Configuration Changes

Exploration (exploration section in config YAML):

uni_12 (baseline — default):

epsilon_schedule = [
    (0, 1),
    (50_000, 1),
    (300_000, 0.1),   # default
    (3_000_000 * global_schedule_speed, 0.03),  # default
]

uni_15 (experimental — increased exploration):

epsilon_schedule = [
    (0, 1),
    (50_000, 1),
    (300_000, 0.5),   # 0.1 in default
    (3_000_000 * global_schedule_speed, 0.1),  # 0.03 in default
]

Environment: Both runs used temporal_mini_race_duration_ms = 7000 (same as baseline in temporal_mini_race_duration experiment).

Hardware

  • GPU: RTX 5090 (same as other experiments)

  • Parallel instances: 8 collectors

  • System: Same across runs

Conclusions

  1. Over the common 55 min window, uni_12 (default epsilon) outperforms uni_15 (increased exploration): faster convergence on A01 (24.85s by 20 min vs 26.73s at 55 min) and much better Hock (61.68s vs 83.75s at 55 min), lower loss (102.84 vs 144.12), and better Q (-0.71 vs -1.27).

  2. Higher epsilon schedule (0.5 at 300k, 0.1 at end) slowed convergence; default (0.1 at 300k, 0.03 at end) is preferable for the same wall-clock horizon.

  3. Recommendation: Keep default epsilon_schedule (0.1 at 300k, 0.03 at 3M) for fastest convergence.

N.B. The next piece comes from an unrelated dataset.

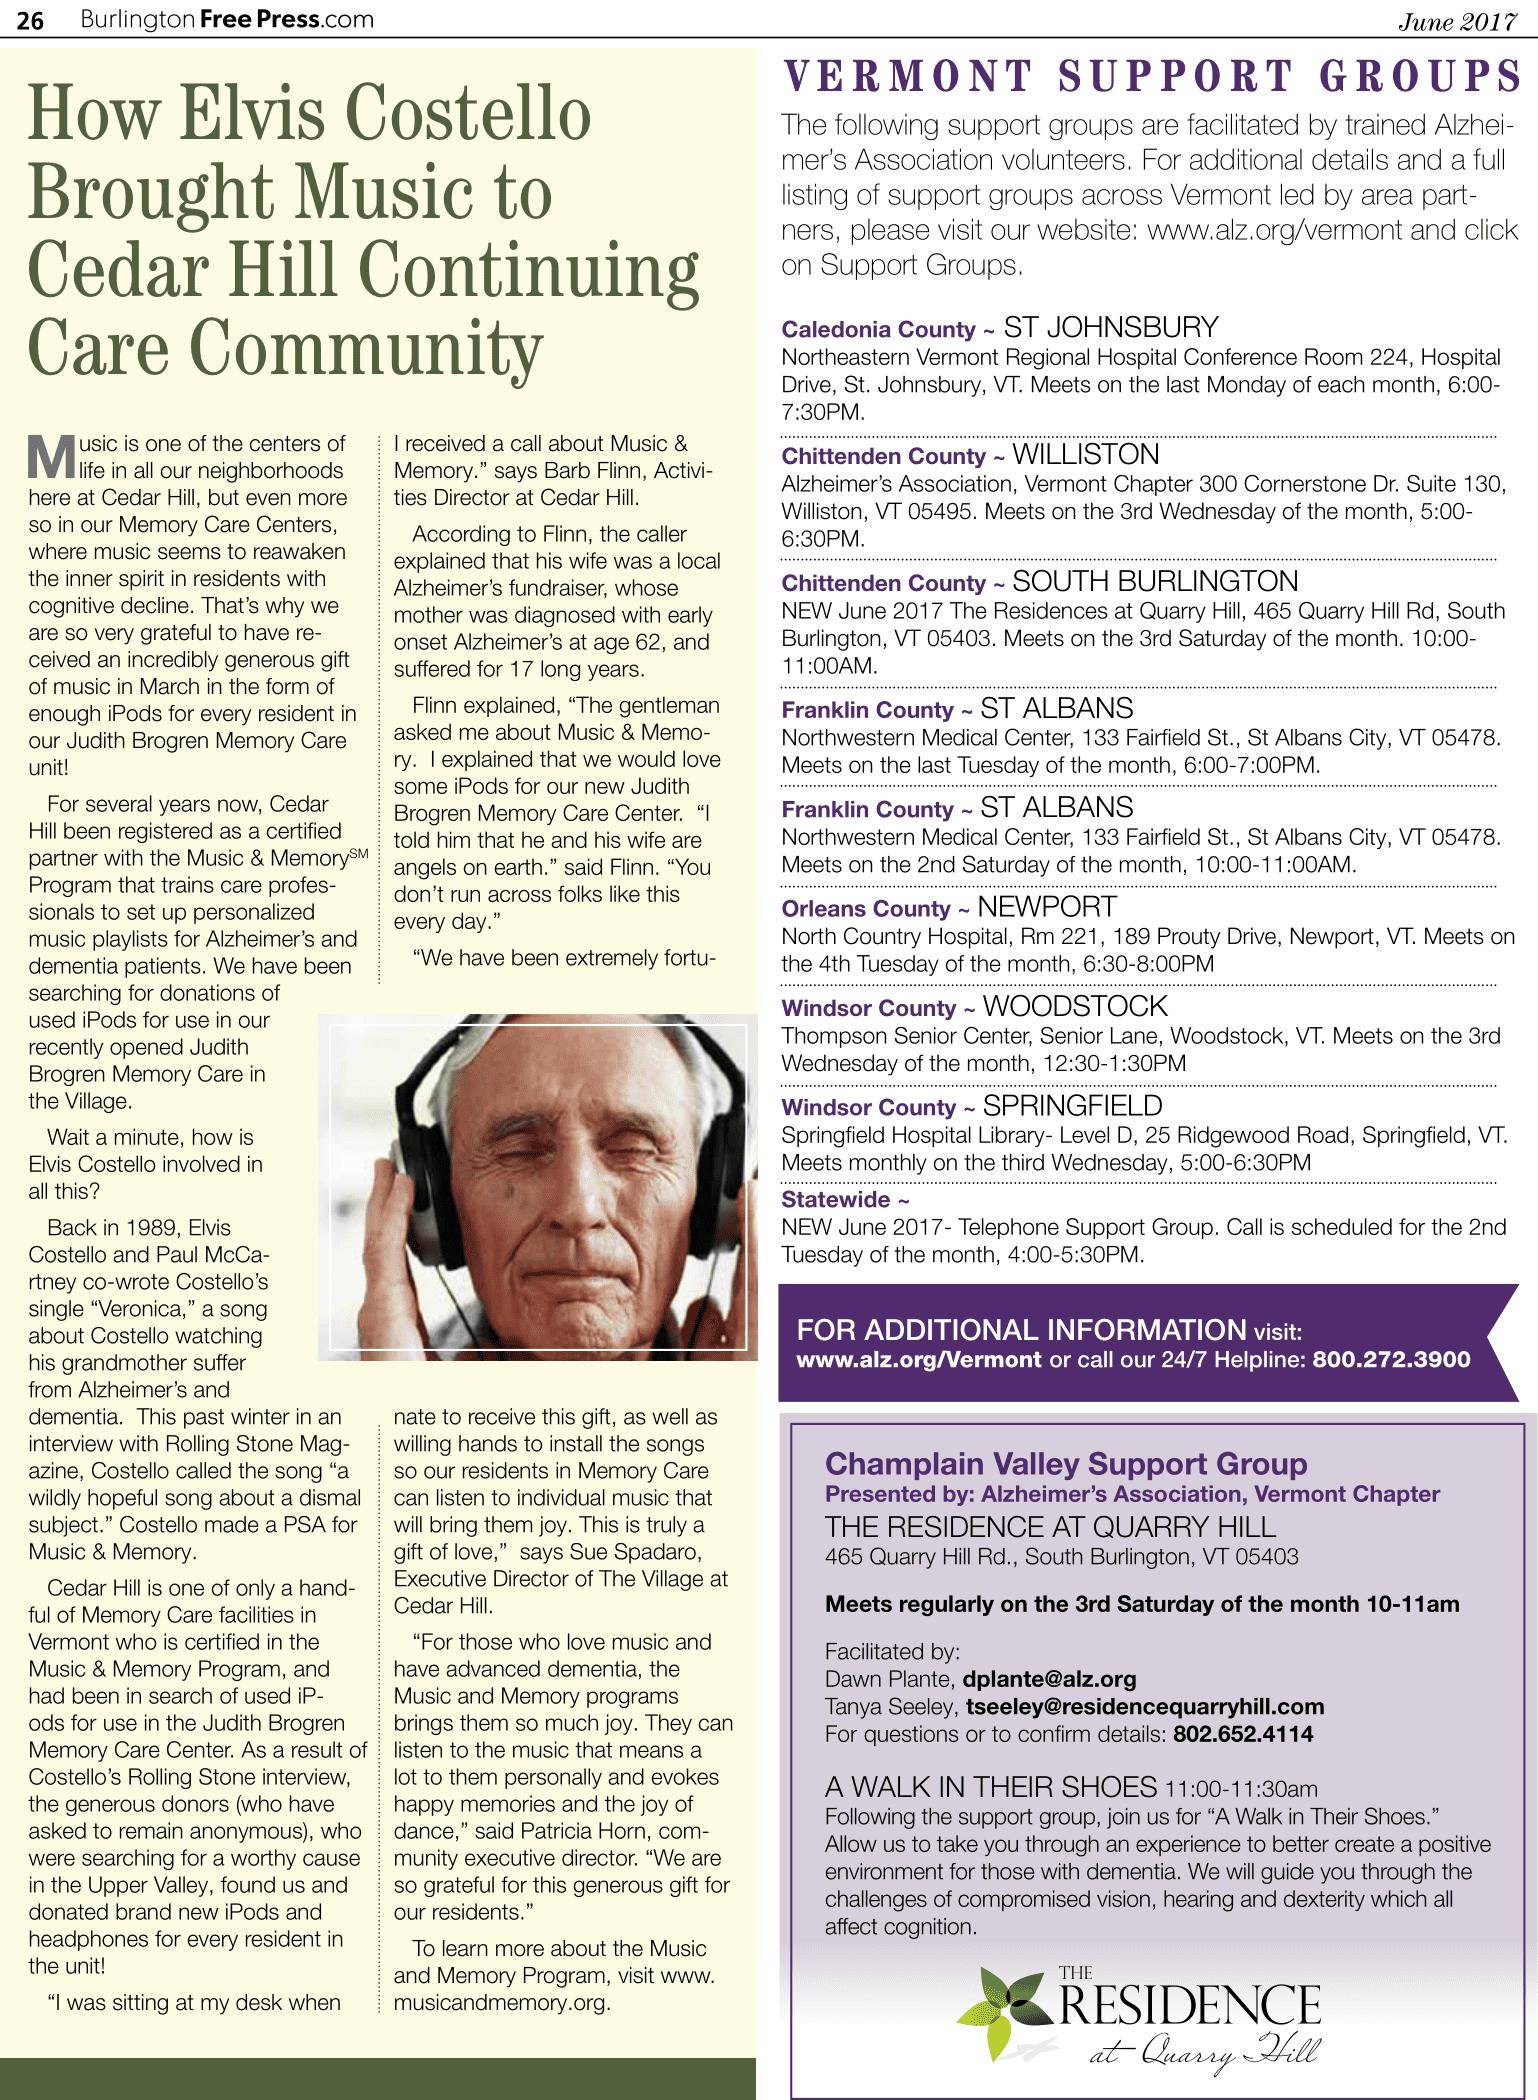 Memory Care Article - Burlington Free Press 2017

Use higher epsilon only if testing much longer runs or different exploration strategies.

Recommendations

  • Default: Prefer default epsilon_schedule (0.1 at 300k steps, 0.03 at 3M): faster convergence and better race times over 55 min vs increased exploration (uni_15).

  • When to try higher epsilon: Only for longer runs or dedicated exploration experiments; over 55 min, increased exploration did not improve results.

Analysis tools:

  • By relative time (2+ runs): python scripts/analyze_experiment_by_relative_time.py uni_12 uni_15 --interval 5 (--logdir "<path>" if not from project root).

  • Key metrics: Per-race Race/eval_race_time_*, Race/explo_race_time_*; scalars alltime_min_ms_hock, alltime_min_ms_A01, Training/loss, RL/avg_Q_trained_A01, Performance/learner_percentage_training (see tensorboard_metrics).